2. Morpheme Inventory
Define a static list of MorphemeDefinition. These morphemes map archiphonemes to grammatical functions.
type P = TurkishMorphologyPosTag; // Generated by MorphologyInfo
type F = TurkishGrammaticalFunction;
static TURKISH_MORPHEMES: &[MorphemeDefinition<F, P>] = &[
// Plural suffix: "lAr" is the archiphoneme (handles -lar and -ler)
MorphemeDefinition {
base_form: "lAr",
functions: &[F::Agreement { person: Person::Third, number: BinaryNumber::Plural }],
applies_to: &[P::Noun, P::Verb, P::ProperNoun]
},
// Case suffix: "(y)A" (handles -a and -e with linking consonant)
MorphemeDefinition {
base_form: "(y)A",
functions: &[F::Case { value: TurkishCase::Dative }],
applies_to: &[P::Noun, P::Pronoun]
},
];
🤖 Interaction with the LLM
To help the AI know which morphemes to extract, Pāṇini dynamically injects your inventory into the prompt via extra_extraction_directives().
Dynamic Directives
By using extra_extraction_directives(), you ensure that the LLM only uses base_forms that your code can technically recognize.
🪄 Post-processing and Enrichment
Sometimes the LLM response needs additional verification or static label injection. Use post_process_extraction to modify the result after parsing.
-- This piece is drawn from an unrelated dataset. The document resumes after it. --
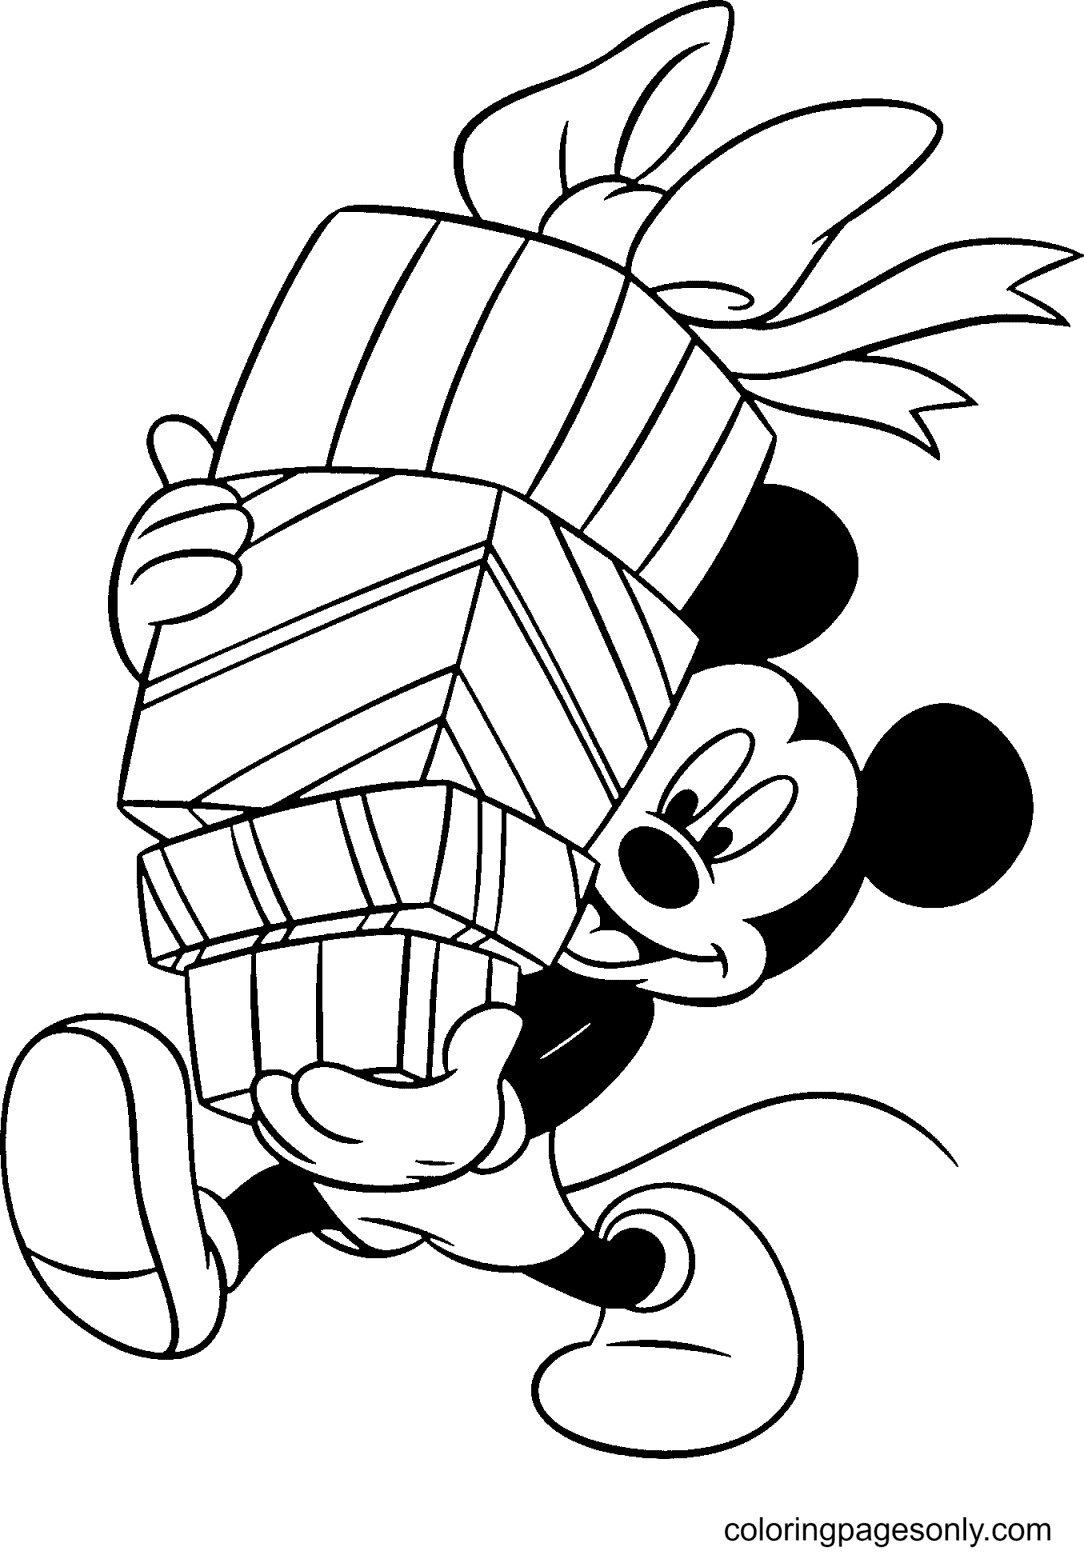 Mickey Mouse Holding Christmas Gifts Coloring Page

impl LinguisticDefinition for Turkish {
// ...
const MORPHEME_PIVOTS: &'static [PivotField<Self::GrammaticalFunction>] = &[
TurkishGrammaticalFunction::PIVOT_POLARITY,
TurkishGrammaticalFunction::PIVOT_TENSE,
TurkishGrammaticalFunction::PIVOT_CASE,
];
fn post_process_extraction(
&self,
segmentation: &mut Option<Vec<WordSegmentation<Self::GrammaticalFunction>>>,
) -> Result<(), String> {
if let Some(segs) = segmentation {
for seg in segs {
// Example: Automatically enrich morphemes
for morph in &mut seg.morphemes {
if morph.base_form == "CI" {
// Agentive suffix "-cı/-ci/-cu/-cü"
// Custom enrichment logic here...
}
}
}
}
Ok(())
}
}
Morpheme pivots are opt-in. Non-agglutinative languages normally keep type GrammaticalFunction = () and do not declare MORPHEME_PIVOTS.